PROVIDED MATERIAL:
# # #
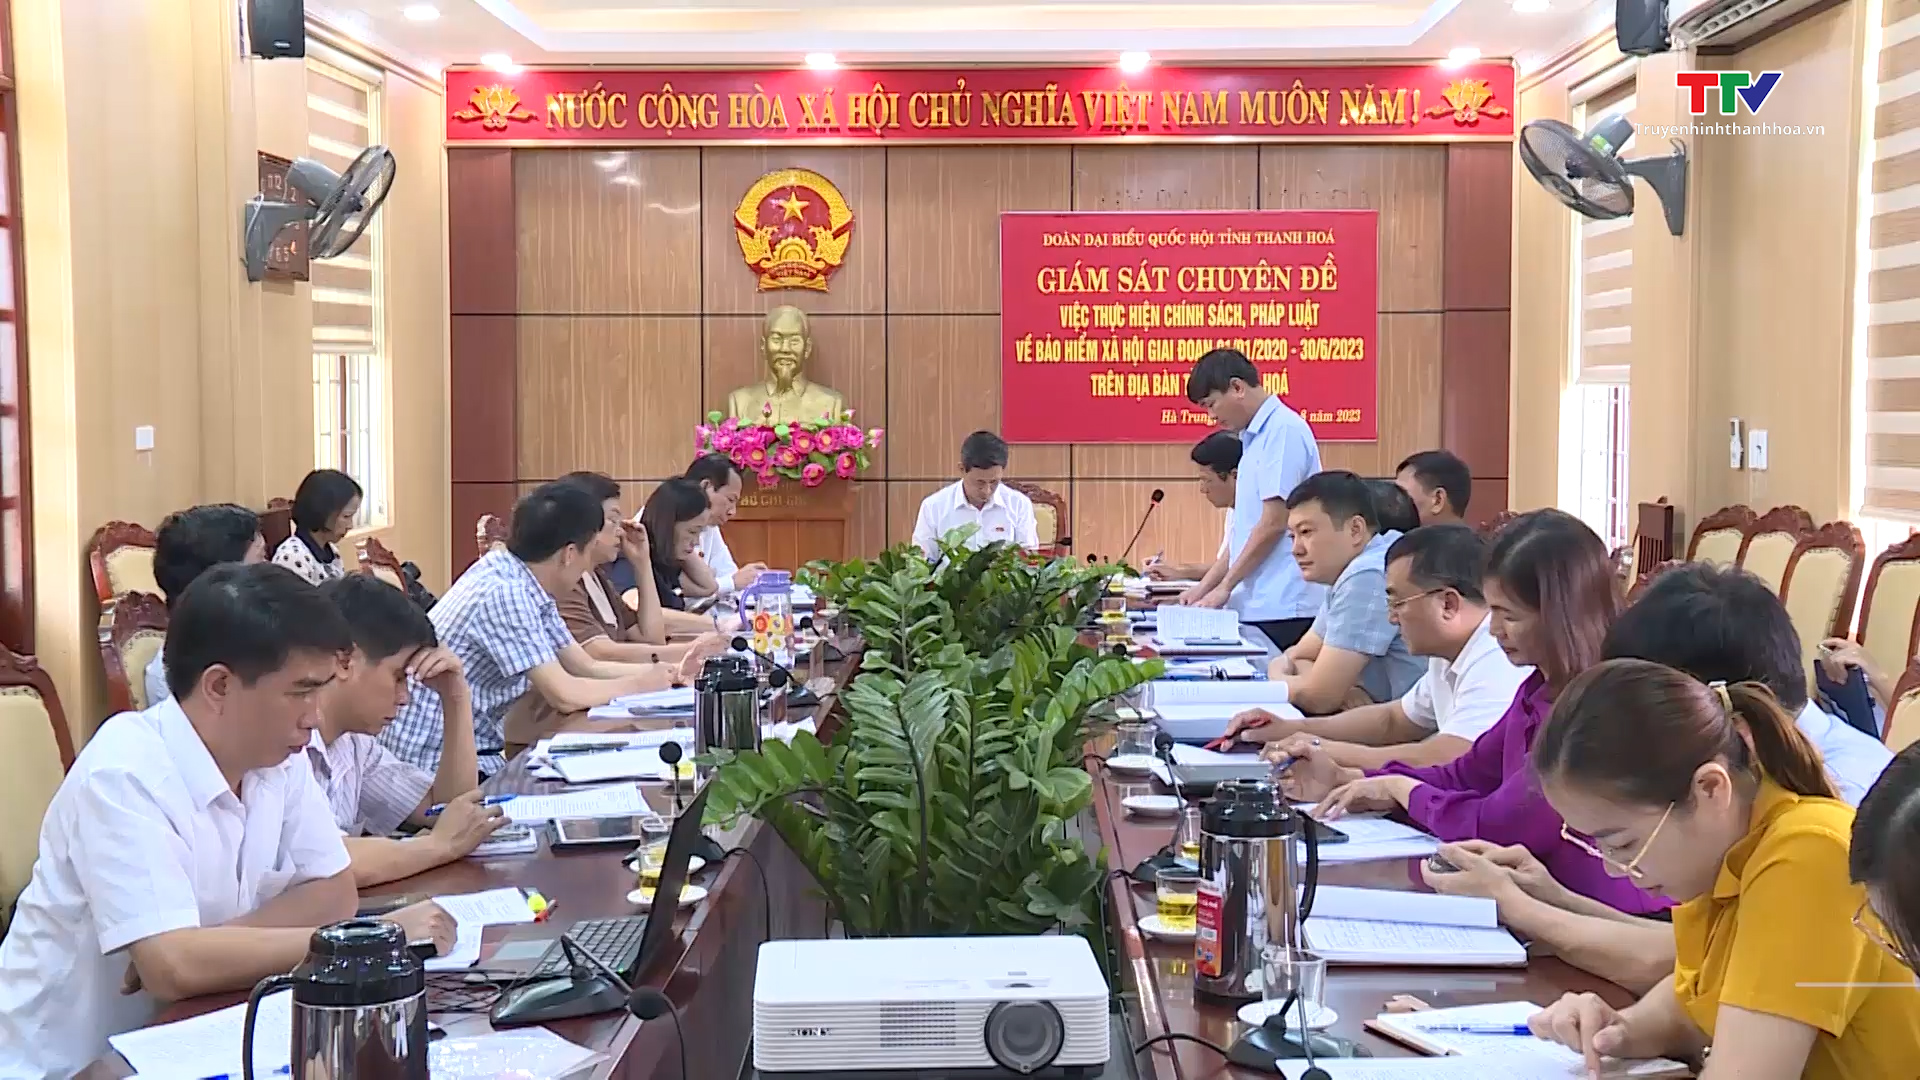 Đoàn Đại biểu Quốc hội Thanh Hóa giám sát việc thực hiện chính sách, pháp luật về Bảo hiểm xã hội - Ảnh 2.
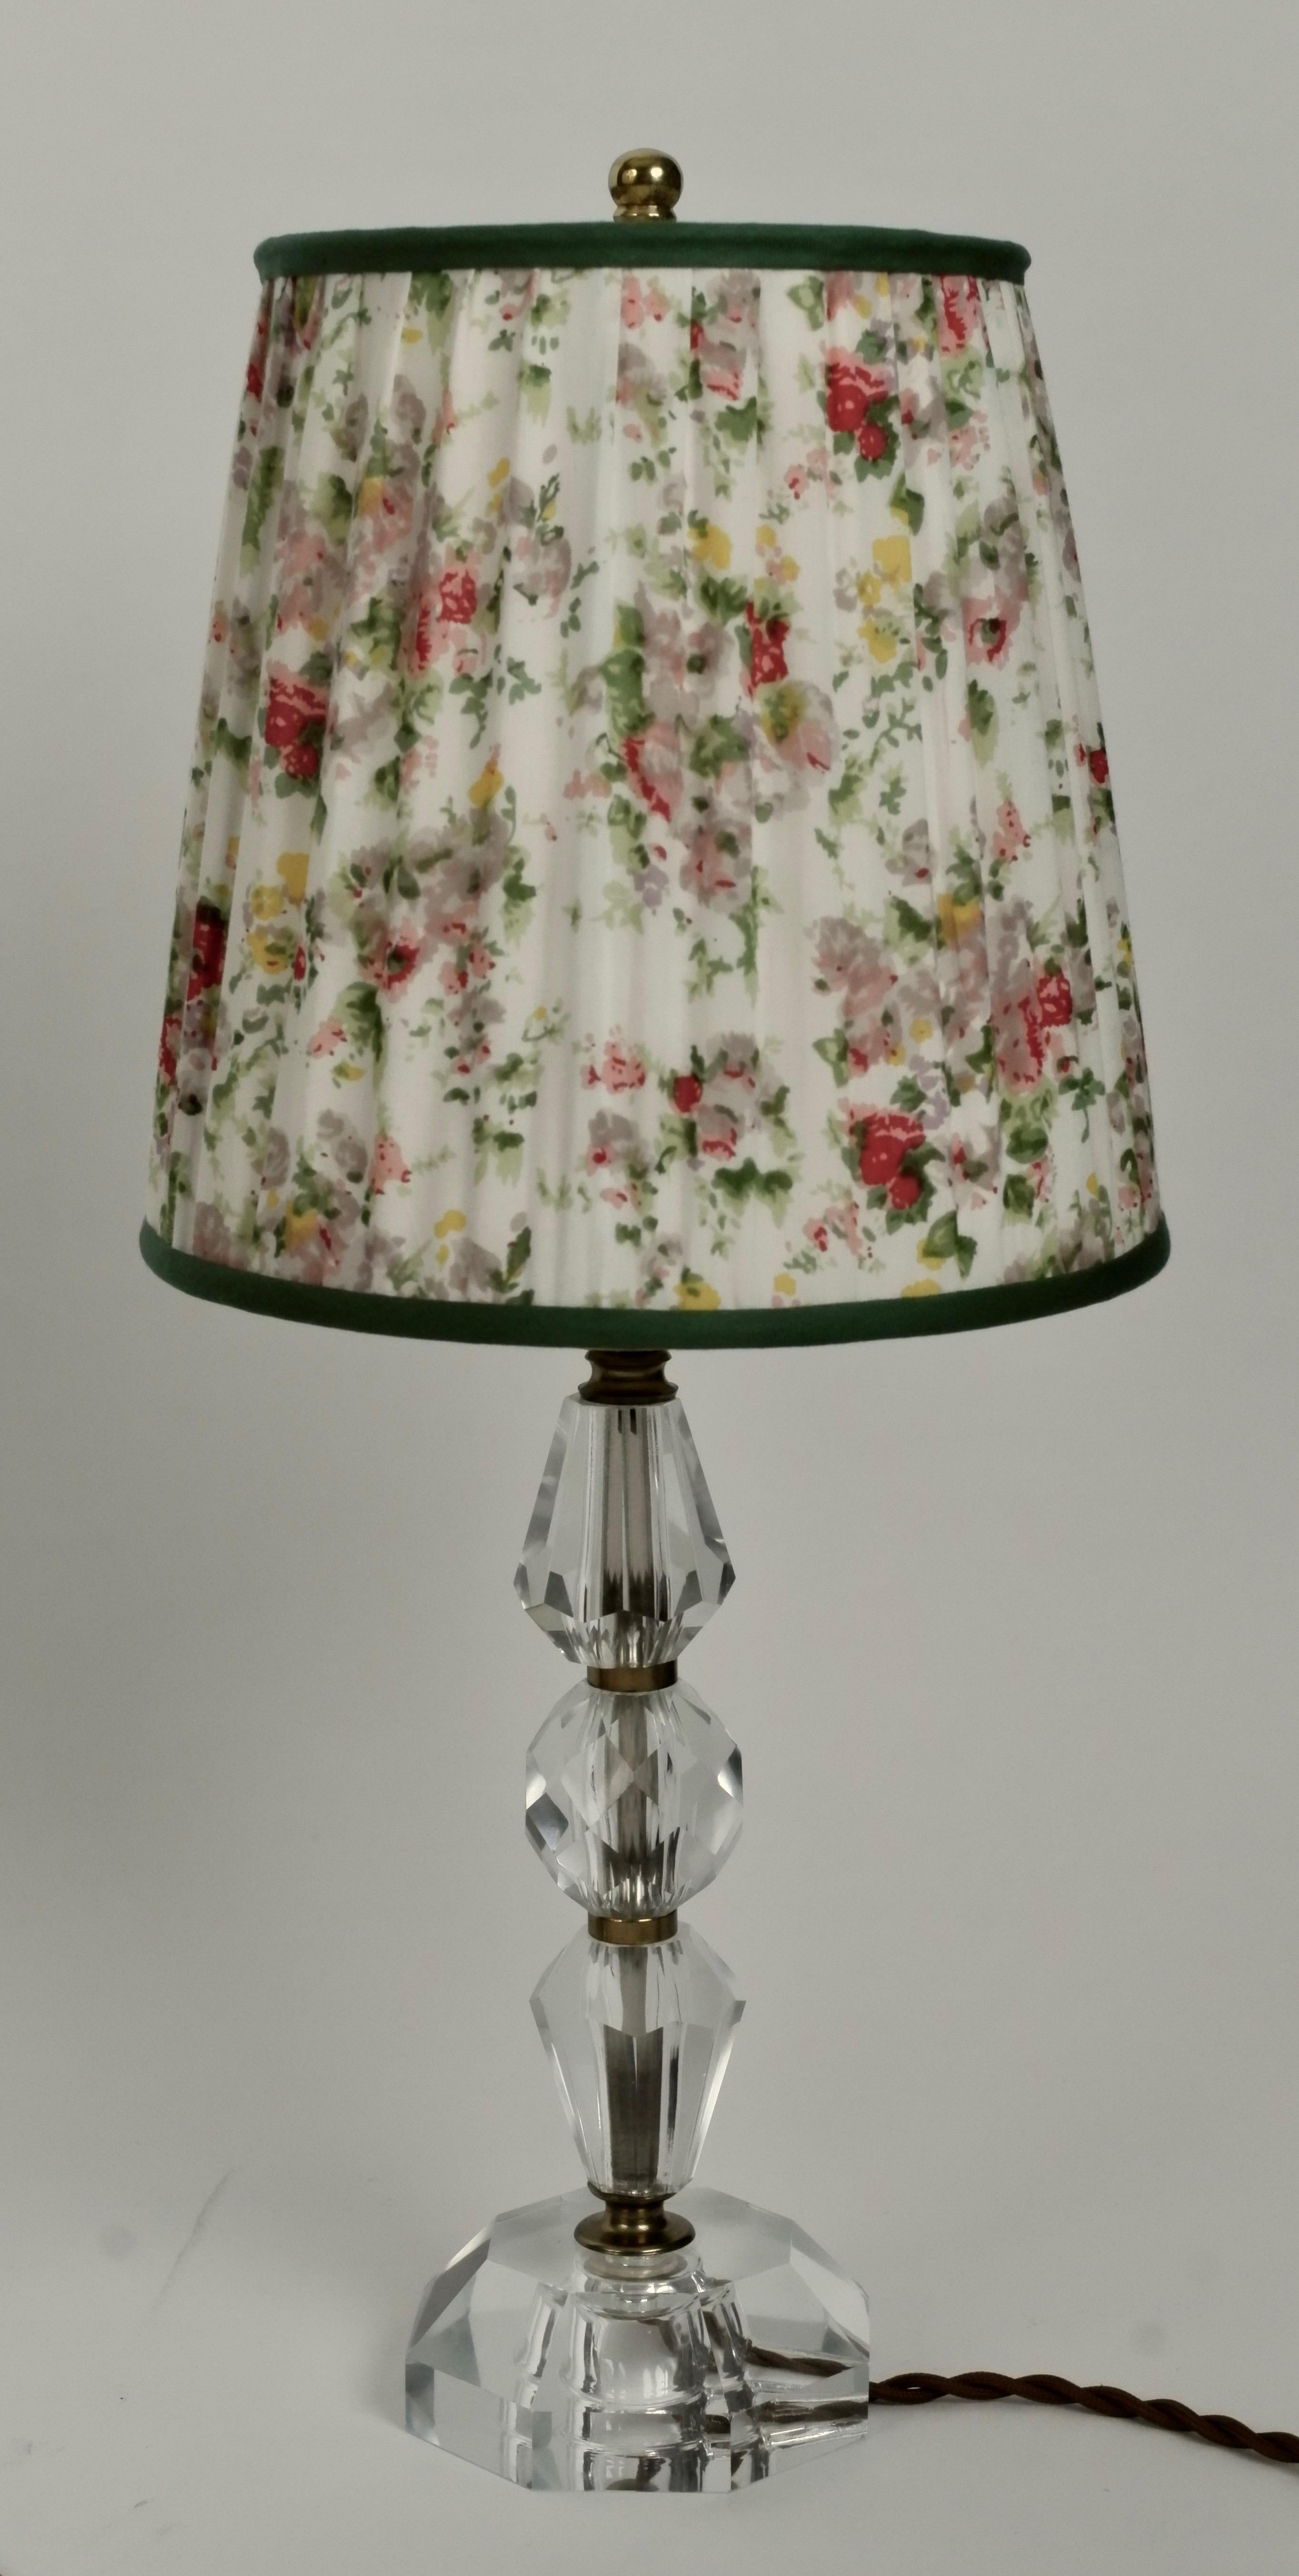 Eine schöne Lampe aus geschliffenem Glas aus Frankreich. Der Schirm ist mit einem Vintage-Seidentextil bespannt, wobei der Originalrahmen verwendet wird.
Das gewebte Textilkabel bildet einen Kontrast zum Glas.
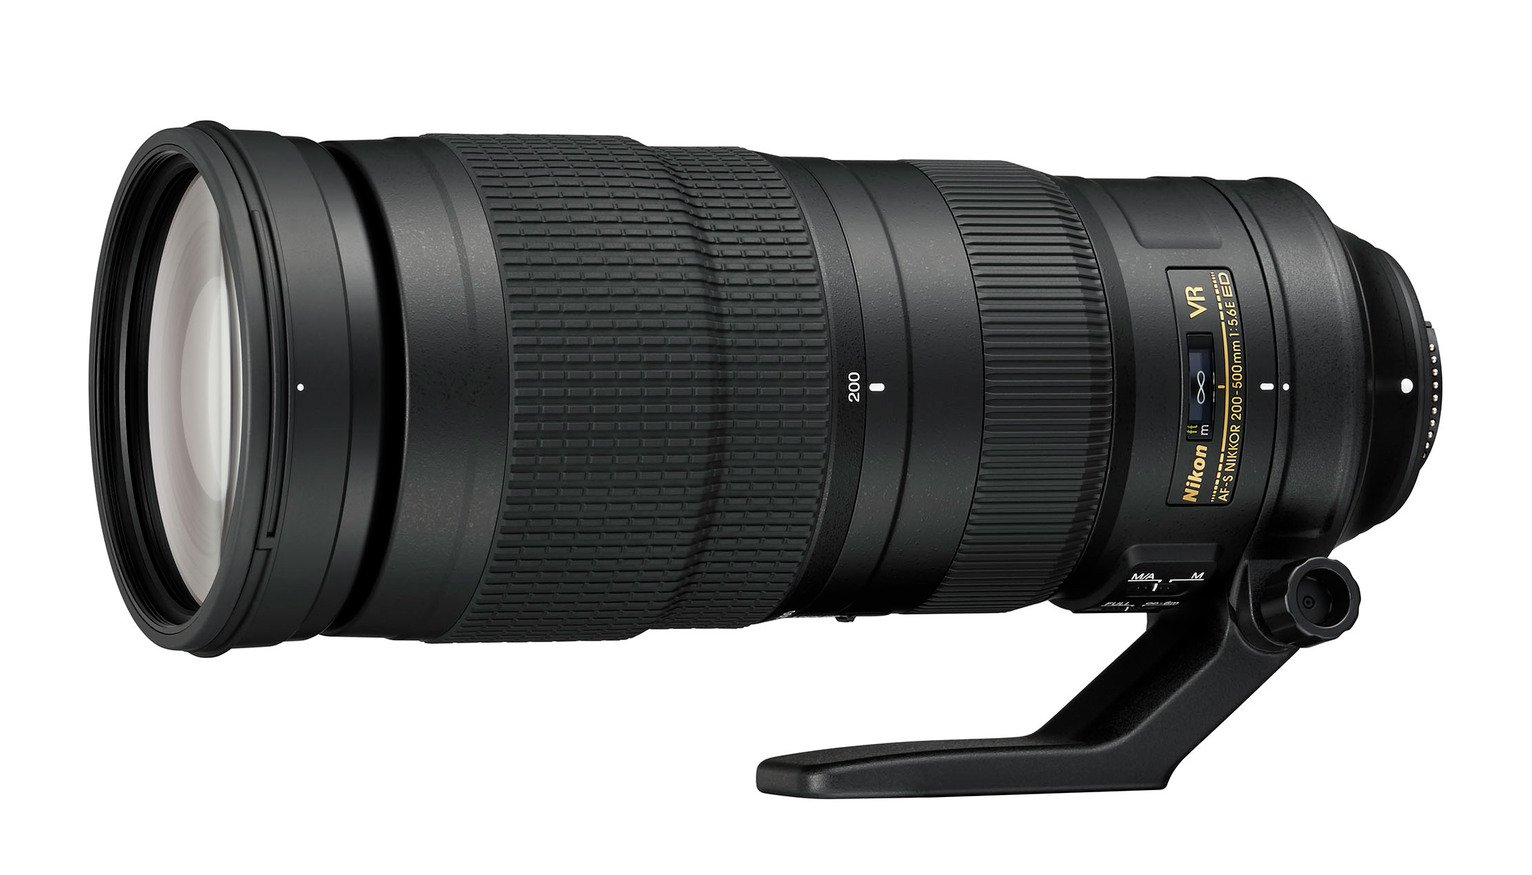 Nikon AF-S Nikkor 200-500mm f/5.6E ED VR Telephoto Lens
# # #
WORK ORDER: Copy out every line above without change, dropping the pictures.

REPLY TO THE TASK:
 Đoàn Đại biểu Quốc hội Thanh Hóa giám sát việc thực hiện chính sách, pháp luật về Bảo hiểm xã hội - Ảnh 2.
 Eine schöne Lampe aus geschliffenem Glas aus Frankreich. Der Schirm ist mit einem Vintage-Seidentextil bespannt, wobei der Originalrahmen verwendet wird.
Das gewebte Textilkabel bildet einen Kontrast zum Glas.
 Nikon AF-S Nikkor 200-500mm f/5.6E ED VR Telephoto Lens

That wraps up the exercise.